Si le film de Welles reste très efficace, en déroulant l’histoire de son protagoniste dans un immense flashback (très cut pour l’époque), le film peine aujourd’hui à nous émouvoir. A l’instar de son protagoniste, Charles Foster Kane (Orson Welles), un type brillant, balançant punchline sur punchline. Les témoignages extérieurs (son épouse, son meilleur ami (Joseph Cotten*)) contrebalancent malignement ce portrait hagiographique, mais il faut arriver à la toute fin du film pour toucher du doigt la détresse du personnage. Et saluer au passage la métamorphose incroyable de Welles en Kane âgé – il n’a que vingt-cinq ans au moment du tournage. On commence enfin à ressentir quelque chose. Charles Foster Kane avait tout, mais il lui manquait l’essentiel, ce qui n’existe plus : l’enfance, une luge, Rosebud.
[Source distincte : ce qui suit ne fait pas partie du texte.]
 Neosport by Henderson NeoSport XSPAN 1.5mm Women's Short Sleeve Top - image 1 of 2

Massacre à la Tronçonneuse
Le film de Tobe Hoper, 33 ans après Citizen Kane, n’est évidemment pas sur le même registre, mais c’est également une référence : le premier des slashers. Au contraire de Citizen Kane, ce Massacre peine à décoller : une bande de jeunes se balade au fin fond du Texas dans un Combi Volkswagen. Ils prennent en stop un type étrange, à moitié fou, avant de s’arrêter à cause d’une panne d’essence. Les voilà obligés de dormir dans une maison abandonnée. Les ennuis commencent… au bout de quarante-cinq minutes !
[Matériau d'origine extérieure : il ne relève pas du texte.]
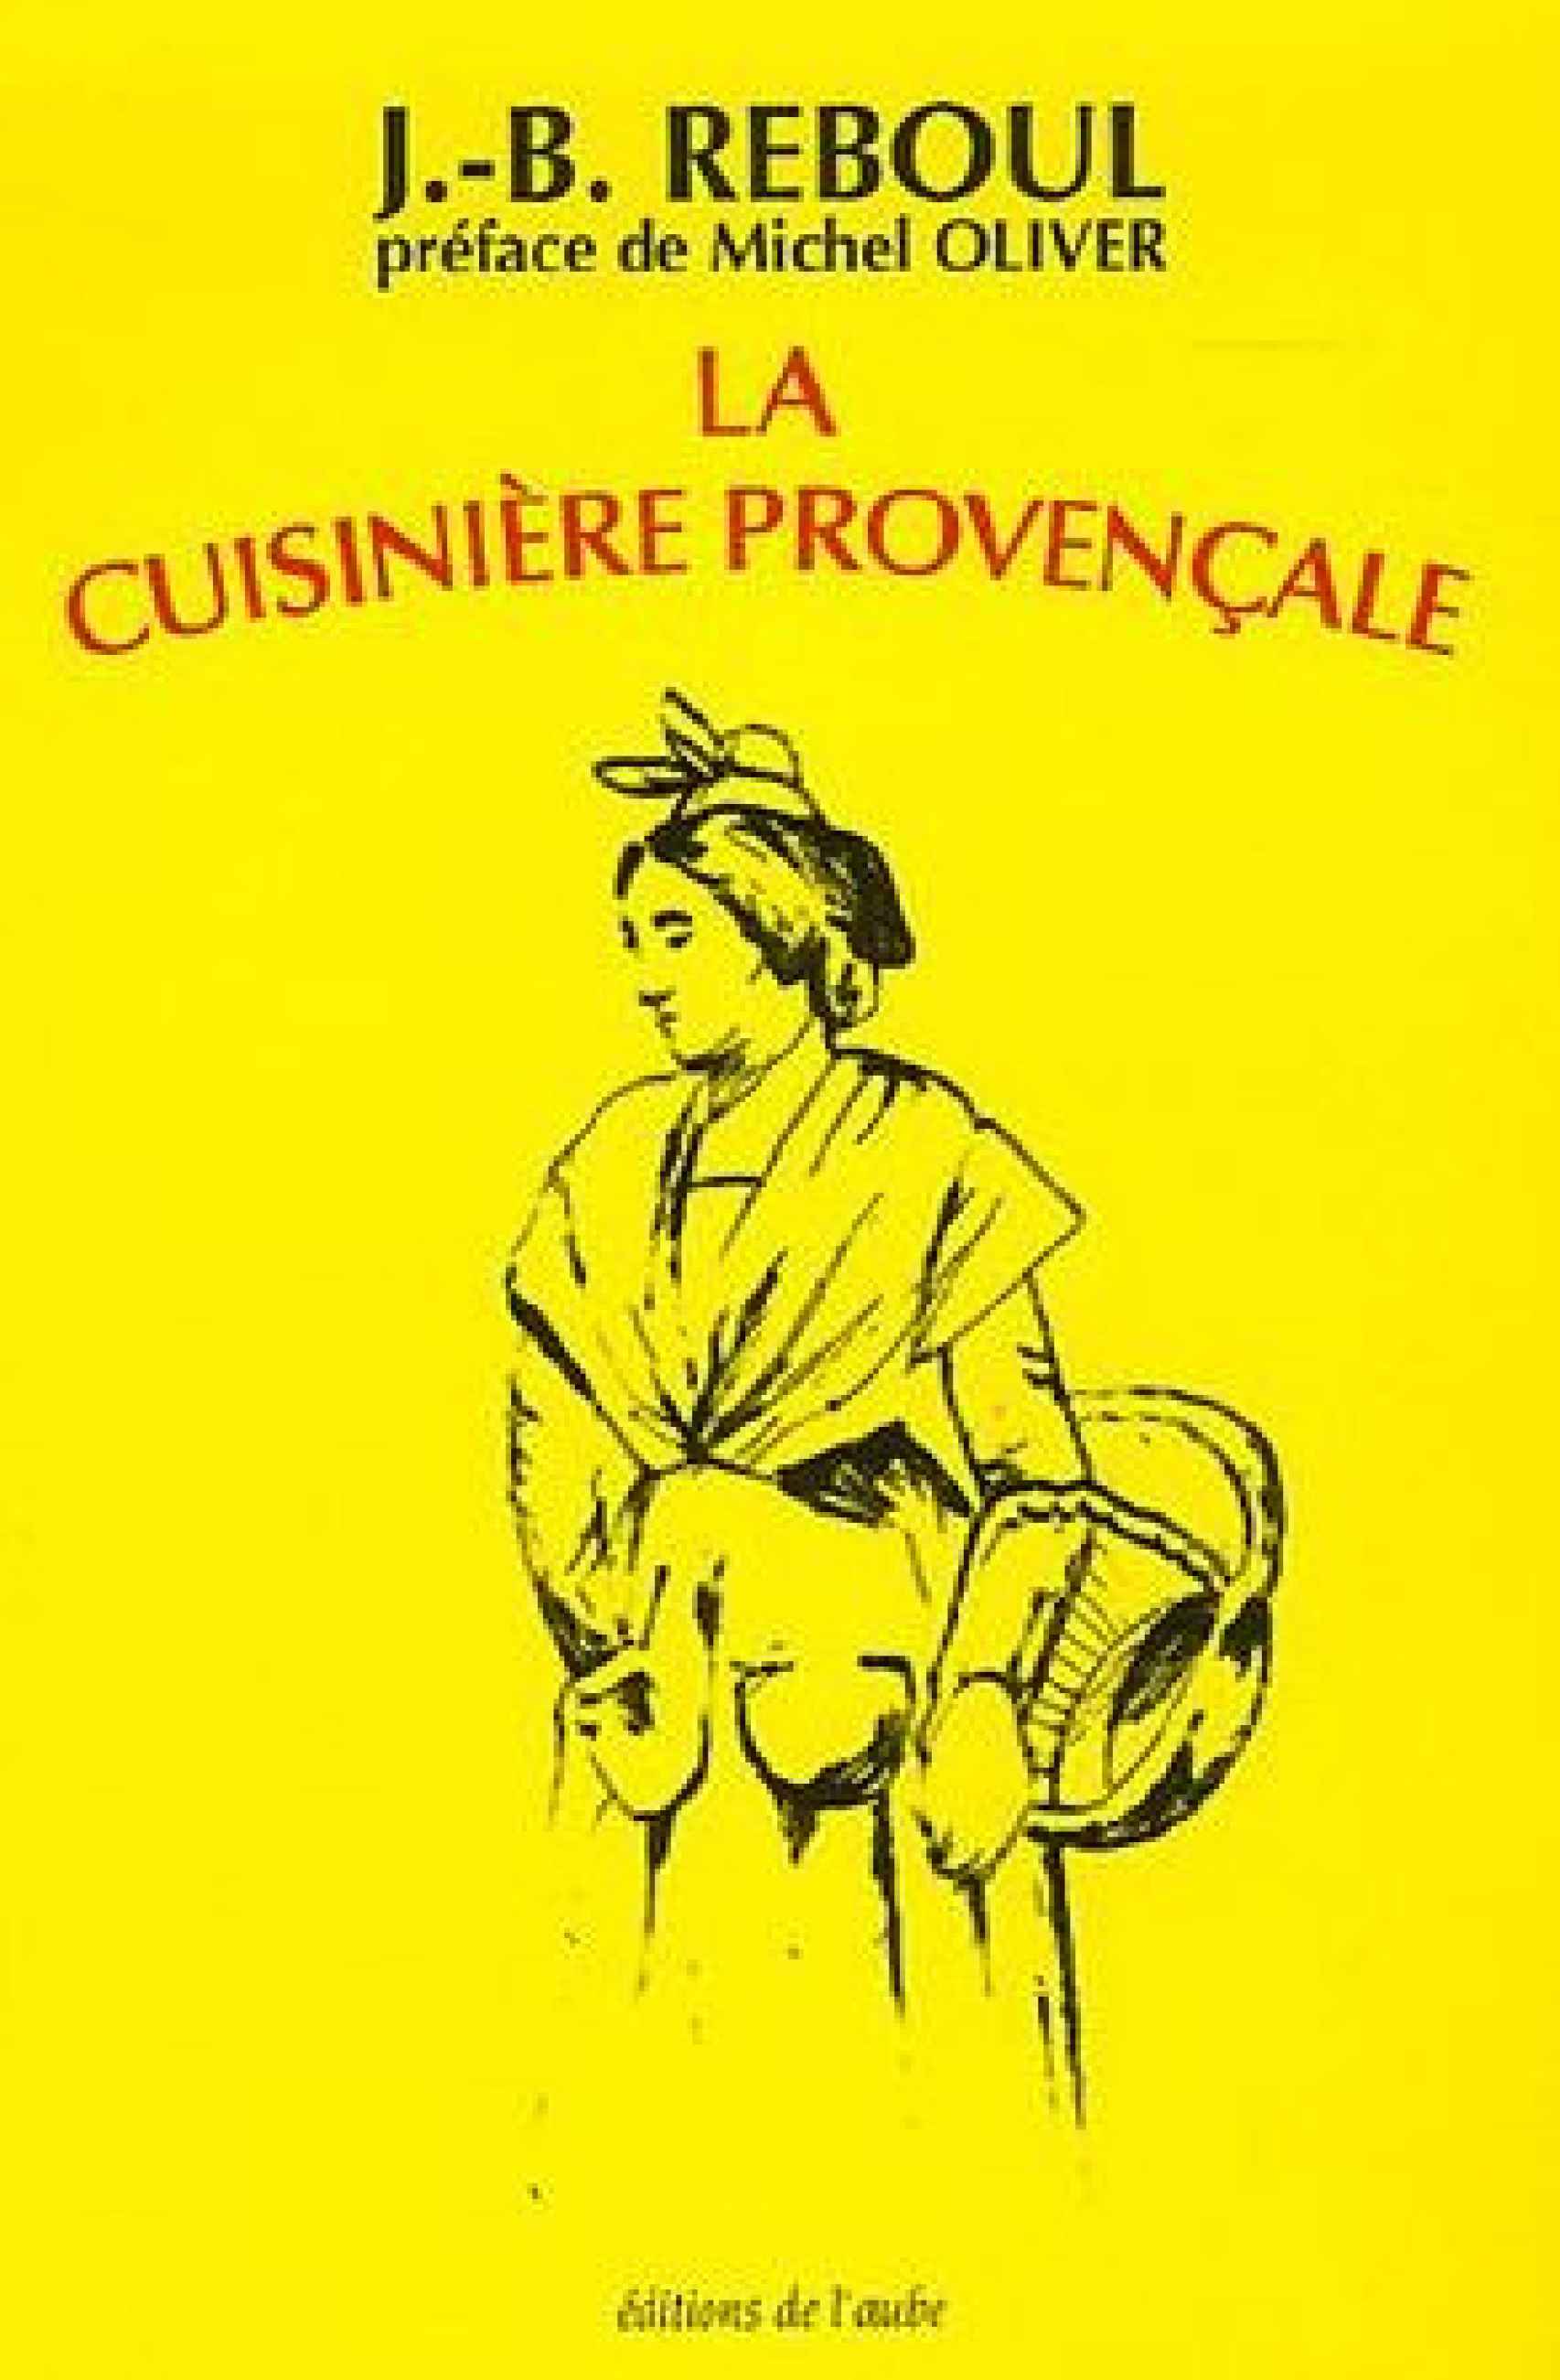 El libro La Cuisinière Provençale

On voit bien l’installation du scénario-type du slasher (des crétins insouciants se font trucider par des rednecks revanchards) mais voilà, The Texas Chainsaw Massacre est le premier à l’exposer. Idem pour les séminales scènes gore : sculptures en os, masque en chair, giclées de sang et cadavres momifiés ont laissé une empreinte indélébile qu’on retrouve encore, cinquante ans plus tard, du Silence des Agneaux à True Detective.
Mais le film reste assez long et ennuyeux, et surtout pas drôle. Aujourd’hui, le slasher essaie souvent de produire une terreur de second degré (Scream, ou les remakes d’Alexandre Aja (La Colline a des Yeux, Piranhas)…
Pourquoi, alors, juxtaposer ces deux films ? Citizen Kane et Massacre à la Tronçonneuse sont des moules qui ont produit de brillantes copies. Mais si on le découvre aujourd’hui, le plaisir originel a disparu. Un peu d’admiration, mais beaucoup d’ennui. Il faut expliquer ce que ça représente dans l’histoire du cinéma, car c’est la seule trace qui reste. Des films moins formellement innovants comme Les Enfants du Paradis ou Seul les Anges ont des Ailes produisent encore de l’émotion : ces films sont toujours vivants. Citizen Kane et Massacre à la Tronçonneuse sont des films morts. Ils n’en sont pas moins passionnants..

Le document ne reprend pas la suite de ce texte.